Can someone resolve this issue and get back to me immediately. The logic tells me that I HAVE NOT BEEN WORKING FOR EIGHT MONTHS NOW (BARRING THE TWO WEEK CONTRACT) THEREFORE ALL MY BENEFITS ARE NOW DUE TO ME.

I will give this until the close of business tomorrow before I take this further.



I do have the contact details of the writer if anyone believes they can help.

----------


## AndyD

Short of finding an insider who's willing to help or starting a class action lawsuit with others in the same predicament I don't know what else she could do. I doubt even a story in the press would help.

Good luck.

----------


## mother

Shocking to say the least! I really feel for her. But I think Andy is right, the only resolve would be someone on the inside.

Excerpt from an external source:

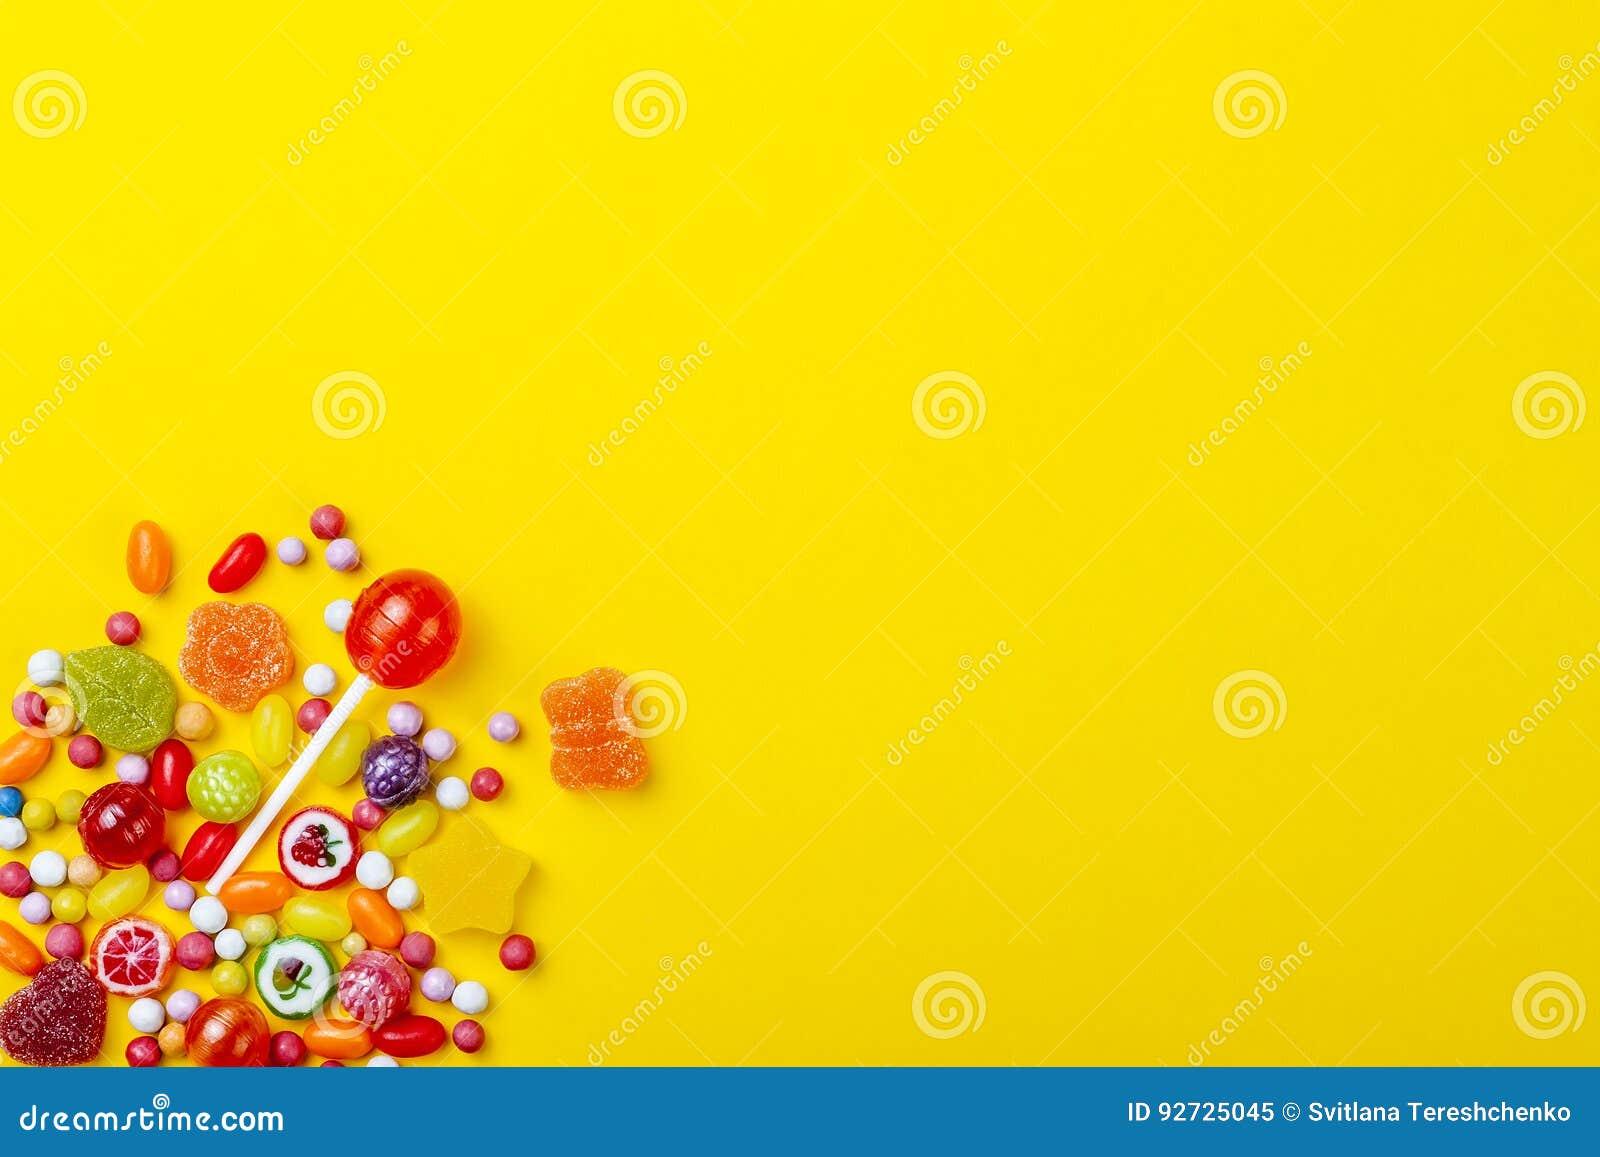 Διαφορετικοί τύποι καραμελών στο κίτρινο υπόβαθρο, διάστημα αντιγράφων

You'd think with Zuma's focus on unemployment, that you would find a sense of compassion for the unemployed filtering through... but NO!

----------


## Karen U

Hi to those that have shown interest in my case.  Just an interesting update, I was called by UIF today to say they have over paid me by R5000 then an additoinal amount of R11 000 - adding up to R16 000. Considering I was only ever paid R11 000 and the fact that I have been unemployed for 8 months is outrageous!!! What has this country come to. If anyone has any reliable contacts inside the department please can they let me know. Thanks  :Smile:

----------


## Dave A

This sounds absolutely ridiculous. Is Jacob Zuma's hotline service still working?

----------


## Karen U

It works but you can't get through, the response is "thank you for calling the presidents hot line, due to extremely high call volumes we are unable to attend to your call, please call again, goodbye" and you then get cut off.

----------


## Dave A

:Stick Out Tongue: 

Makes me wonder - who does one call to report inadequate service delivery on the presidential hotline?

----------